Легкие поцелуи в шею. Легкие поцелуи в правую грудь.
— Скажи еще раз.
Легкие поцелуи в правую грудь.
— Ты прекрасна.
Легкие поцелуи в правый сосок.
— Еще раз. Скажи это еще раз.
— Ты прекрасна.
Легкие поцелуи в живот.
— Поклянись, что не врешь.
Легкие поцелуи в пупок.
— Клянусь. Ты — самое прекрасное, что я видел. А сейчас ты позволишь мне продолжить?
И снова поцелуи.
Пьетро проскользнул внутрь головой вперед, как рыба в бочонок.

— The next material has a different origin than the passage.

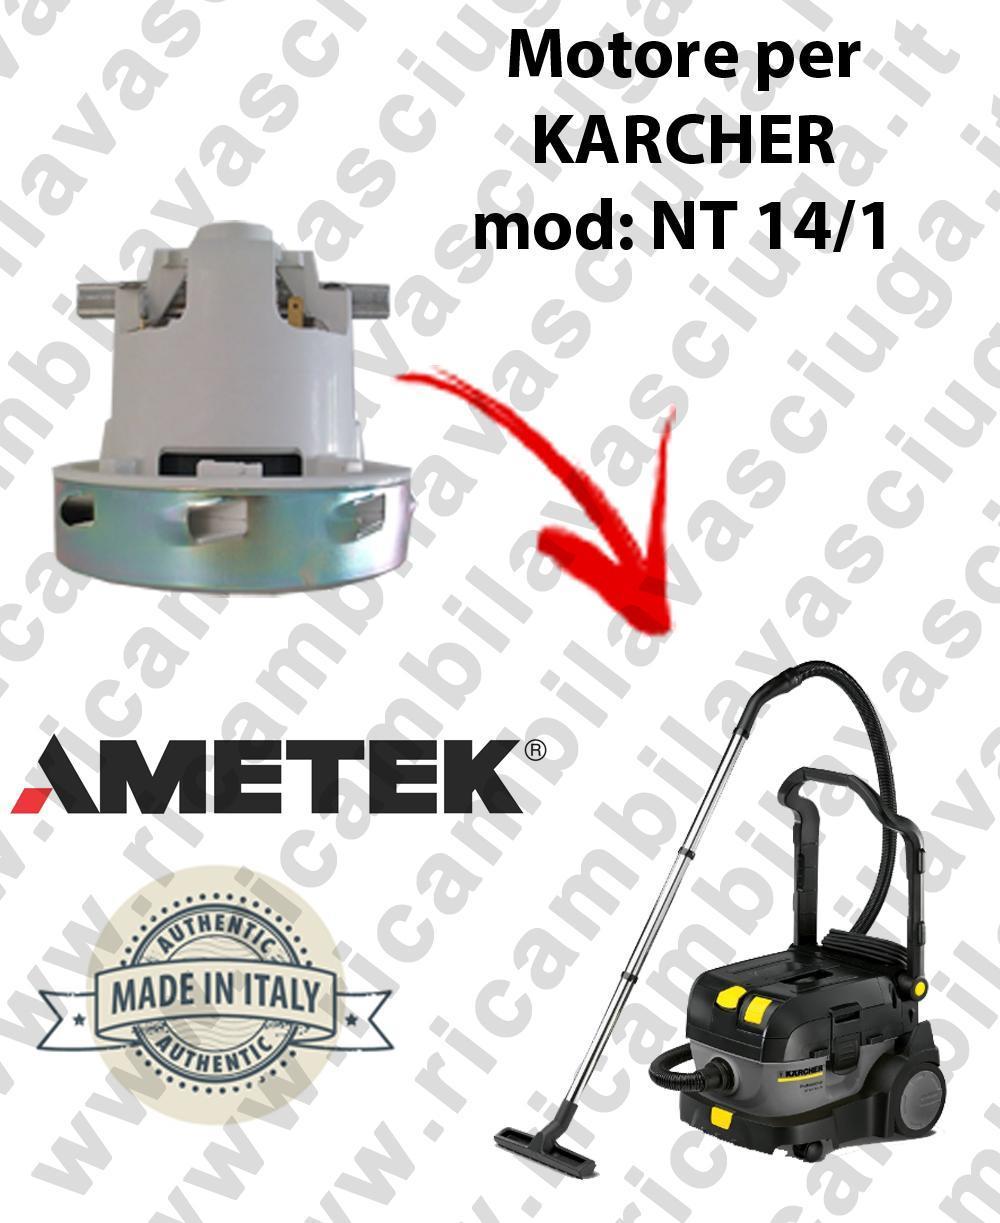 NT 14/1  MOTEUR ASPIRATION AMETEK  pour aspirateur KARCHER

Вытянул руки, уцепился за кирпичи и подтянулся.
И оказался на полу рядом с биде.
Ванная.
Музыка.
«Но я шла искать тебя по улицам среди толпы людей, мне казалось, что, внезапно обернувшись, я увижу тебя снова. Я будто вновь слышу: „Ты прекрасна-а!“»
Лоредана Берте.
Он знал эту песню, потому что у Миммо был диск.
Он поднялся.
Темно.
И очень жарко.
Он уже вспотел.
И запах… неприятный.
Секунд двадцать он не видел ничего. Он находится в ванной, в этом он не сомневался. Включенная лампа была прикрыта и ничего не освещала. Остальная комната тонула во тьме. Зрачки расширились, и он наконец все разглядел.
Учительница Палмьери лежала в ванне.
В руках она держала старый кассетник, из которого раздавалось: «Ты прекрасна!» Провод тянулся через всю ванную к розетке у двери. Кругом страшный беспорядок. По полу раскидана одежда. В раковине мокрые тряпки. Зеркало все перемазано в чем-то красном.
Палмьери выключила магнитофон и поглядела на него. Как будто Пьетро, входящий к ней через окно, был привычным, нормальным явлением.
Но сама она нормальной не была.
Абсолютно.
Так изменилось ее лицо, сильно похудело (такие лица были у евреев в концлагерях), кроме того, в ванне плавали размокшие куски хлеба, банановые шкурки и телепрограмма.
Учительница спросила с легкой тенью изумления:
— А ты что тут делаешь?
Пьетро опустил взгляд.
— Не волнуйся. Я уже не стесняюсь. Можешь смотреть на меня. Что тебе нужно?